すっと美空を引き離し、自分の荷物を漁り始めた。

寂しげな十玖の背中。

美空はその後ろにしゃがみ込んで、十玖の背中に頬を寄せる。

「十玖。ごめんね」
「……はい。お土産。時間なくて大したもの買えなかったけど」

肩ごしに小箱を差し出す。

「こーゆーの美空好きかなと」

星果庵の金平糖。

小瓶の中にカラフルな星が詰まっていた。

「可愛い。遊びに行ったわけじゃないのに、ありがと」
「気に入ってくれた?」
「うん。食べるのもったいないね」
「腐るもんじゃないけど、食べてよ?」
「よし。もったいないと言ったそばから開けちゃお」

美空はコルク栓を開けて、手のひらにふた粒の星を取り出し、そのうちの一粒を抓むと十玖の口元に持っていく。

「あーんして」
「美空が食べて」
「いいから。十玖。はい。あーん」

美空の仕草が隠微な妄想を掻き立てる。

金平糖を抓んだ指が唇に触れ、舌の上に金平糖が転がる。

頭の中がカーっと熱くなって、離れていこうとする美空の手を握り、指先に軽く口づけた。そして我に返る。

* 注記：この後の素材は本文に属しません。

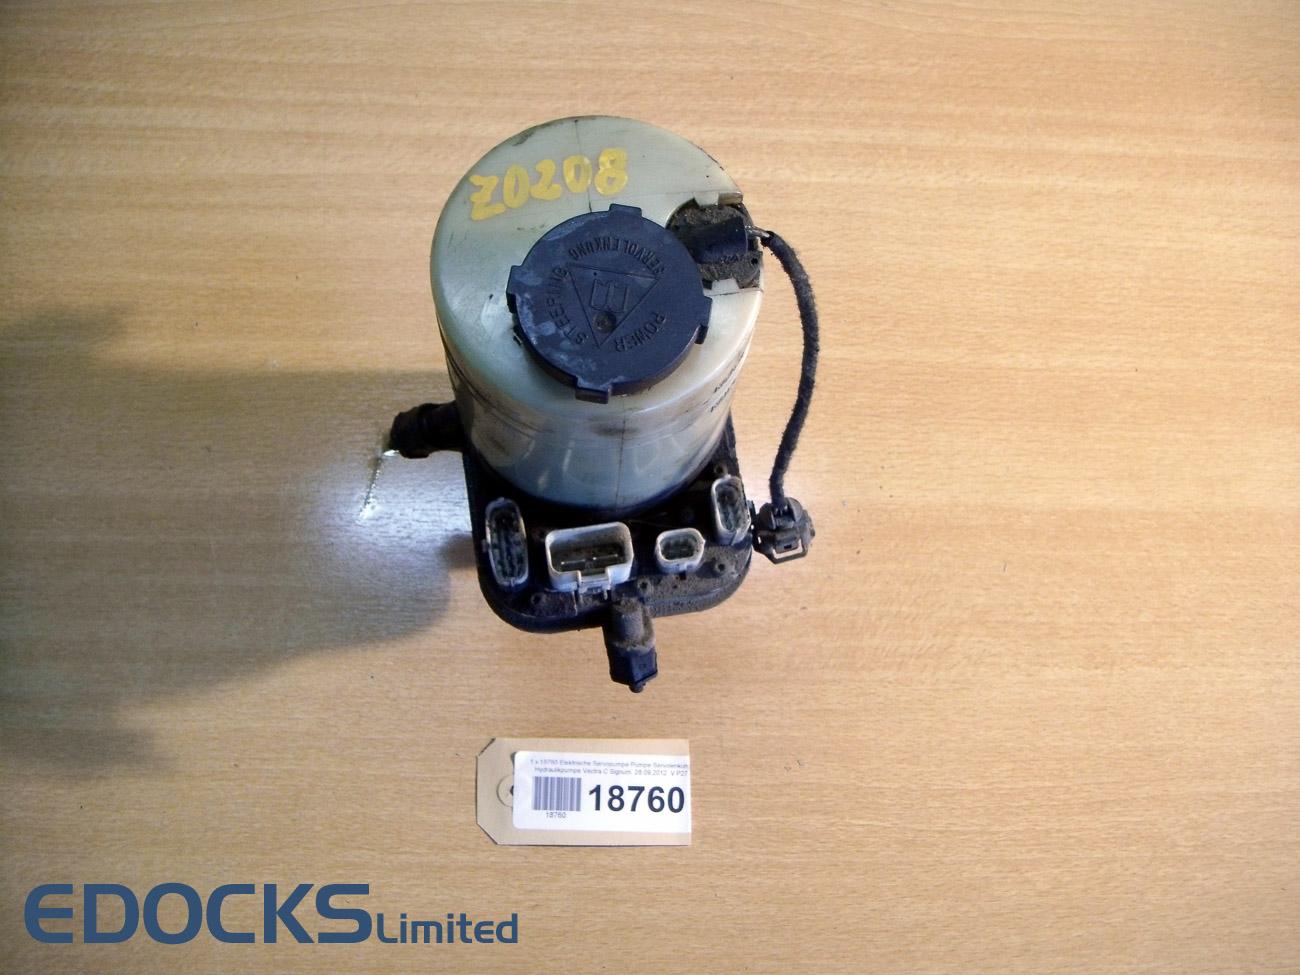 elektrische servopumpe pumpe servolenkung mit sensor vectra c signum opel. Black Bedroom Furniture Sets. Home Design Ideas

咄嗟に“ヤバイ”という単語が浮かんできて、誤魔化すための言葉が、

「この姿勢って、猿のグルーミングみたいだよね」

と言って、美空に頬を抓られた。

「言うに事欠いて、グルーミング?」
「痛いよ、美空」

抓る手を取って前に引っ張ると、あっさり美空が腕の中に収まった。

目を見開いて、十玖を凝視する美空。

そのまま吸い込まれるように顔を近付けて行く。

腕の中で美空が硬直するのがわかって、十玖は冷静に戻った。

「どんな美空でも、可愛いよって言ってるの。思わずキスしたくなるくらい」

泣きそうな顔をしている十玖の頬に、そっと触れた。

「キスしてもいいよ」

魅惑的な囁き。

それに抗うことの苦痛は、筆舌にし難い。

「ダメだよ。キスしたら、その先を望んじゃうから」
「…っ」
「今日は、帰るよ」

座らせた美空の前髪を掻き上げ、小さく震える彼女に微笑む。

荷物を肩に掛け、部屋を出て行こうとする十玖の服の裾を抓んだ。

「嫌いにならないで」

涙声の美空。

「手放せないって言ったでしょ」

この関係に未来が見えなくても。

美空に、必要ないと言われるまで、ずっと傍にいる。

無視されていた頃に比べたら、笑いかけてくれるだけいい。

「玄関まで送る」
「ここでいいよ。明日、学校で」
「……うん。ごめんね」

泣きたいのを我慢した美空の笑顔。

それ以上に泣きたい十玖の心境を慮って、必死にこらえていると知れる。

気まずくなるために来たわけじゃないのに、そう思うと二人の関係に不協を招いた奴らが、憎くてたまらない。

来月、初公判がある。

証人として召喚命令が来ていた。

目の前にしたら、殴り殺してしまいそうだ。

(殴り殺したって、美空の傷は消えない……!)

斉木家を後にして、十玖は全速で走り出した。